Saturday, 19 February 2022

The Girl of Ink and Stars


Picked this up because I liked the cover and the title:

Forbidden to leave her island, Isabella dreams of the faraway lands her cartographer father once mapped. When her best friend disappears, she's determined to be part of the search party.

Guided by an ancient map and her knowledge of the stars, Isabella navigates the island's dangerous Forgotten Territories. But beneath the dry rivers and dead forests, a fiery myth is stirring from its sleep.

It won both the Waterstones Children's Book Prize and British Book Awards' Children's Book of the Year in 2017. 

It's an adventure story set on the fictional island of Joya, though reference to real-life places such as Africa, America and India (spelled Afrik, Amrica and India) give the sense that it is rooted in our world. Like the best fiction, it didn't happen - but it might have done.

According to the blog, Like Telling the Truth:

The mapping coordinates of the fictional Isle of Joya are given on the opening page of the book, so of course I went to Find Latitude and Longitude and looked them up!
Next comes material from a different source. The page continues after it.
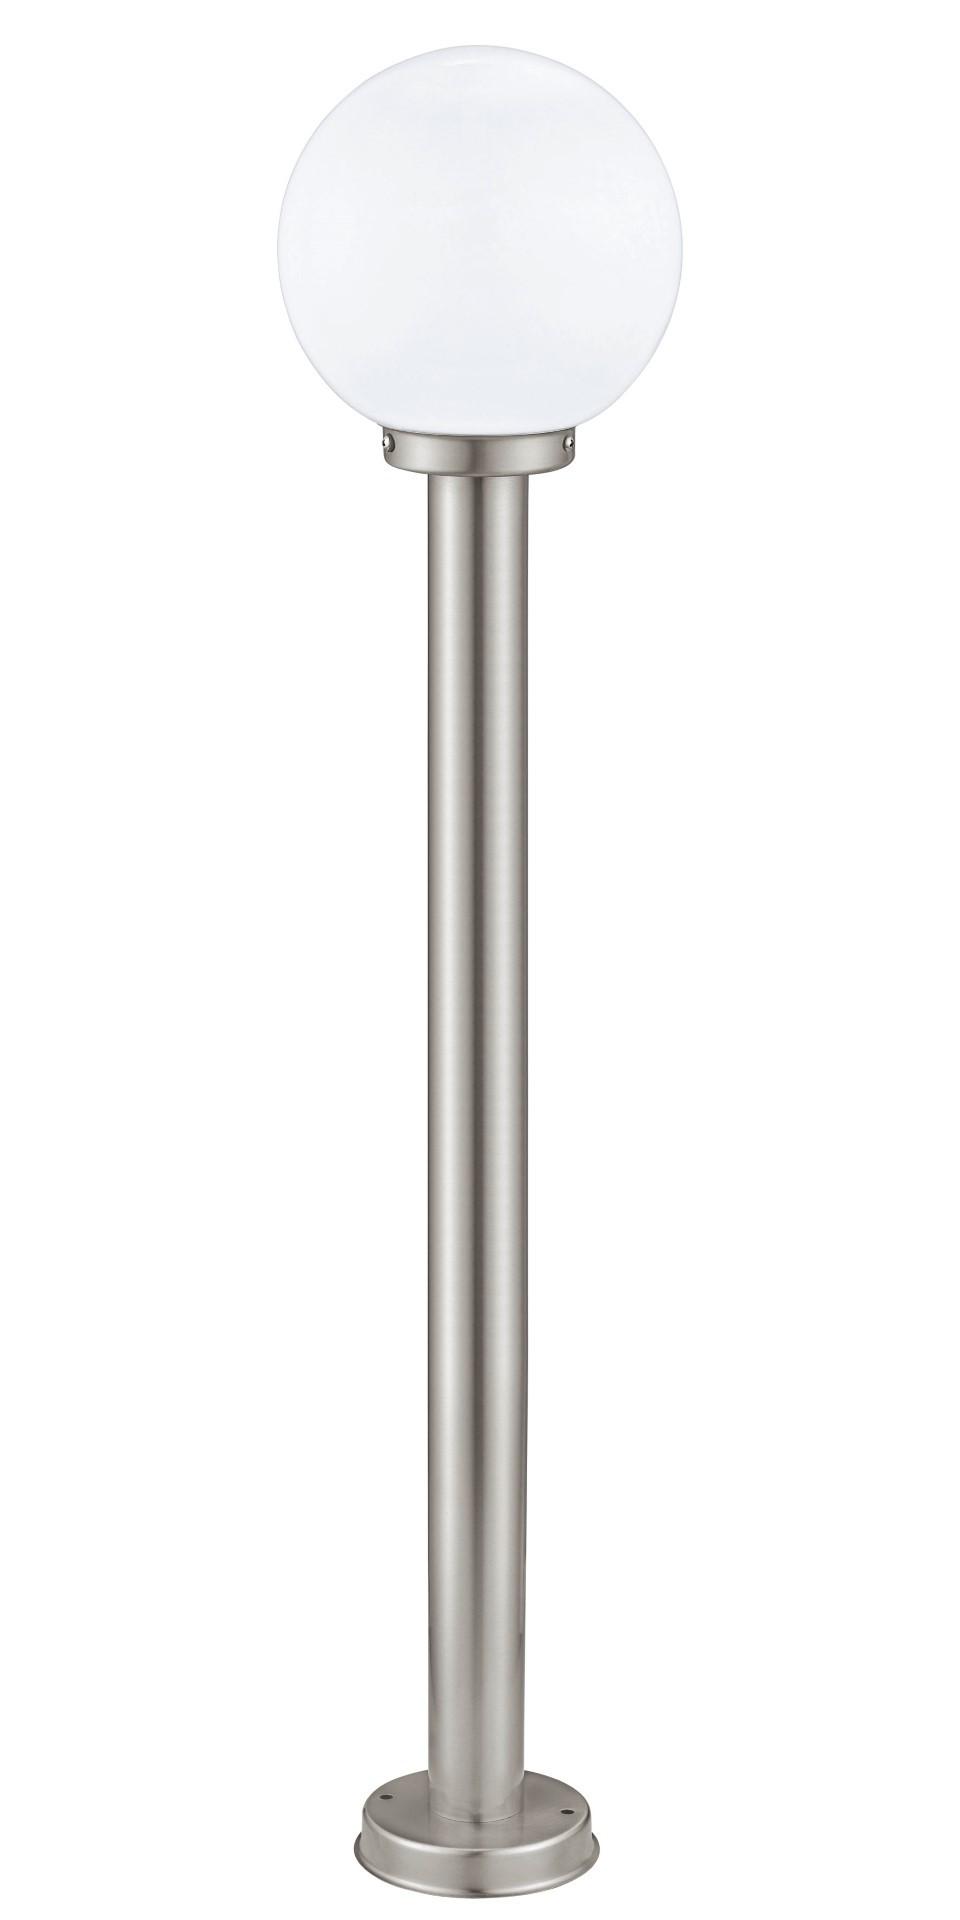 Tuinpaal 1 H-1000 RVS Gesatineerd Nisia

Hargrave has based her tale on La Gomera in the Canary Islands, Spain. This is the very port from which Christopher Columbus set sail on 6th September 1492, intending to sail to the Indies under the patronage of Queen Isabella. 

The lead protagonist is indeed called Isabella. She is a mapmaker's daughter, and who doesn't like a story about mysterious maps?

There was only one map that showed the whole of our island, and it hung in Da's study... It had always felt like a sign that Ma and Da were meant for each other, that he was a cartographer and her only heirloom was a map.


Each of us carries the map of our lives on our skin, in the way we walk, even in the way we grow.

Full of dark places and mystical fears:

My body eased through the slight tug of the current. I had forgotten the sensation of weightlessness... Swimming in the sea was different though, the water was black beneath me, and after a while I scared myself imagining what was below and had to get out.

It was an easy read. Reminded me a bit in style of Naomi Novic, and in subject of the Netflix series Shadow and Bone, which also centres around a mapmaker stuck in a land you're not allowed to leave. Shadow and Bone was adapted from books by Leigh Bardugo, but I haven't read those yet, hence the Netflix reference - sorry. But similar themes and a plucky female protagonist who has to fight to be allowed to go on an adventure.

I'd probably suggest the tree format over the audiobook. The audiobook is very well narrated, but one of the main characters is a bit annoying and has a voice to match. Some awful things happen to her, but, because of her voice, I felt more relieved than sympathetic. Reading it for yourself, you might find that she's more relatable.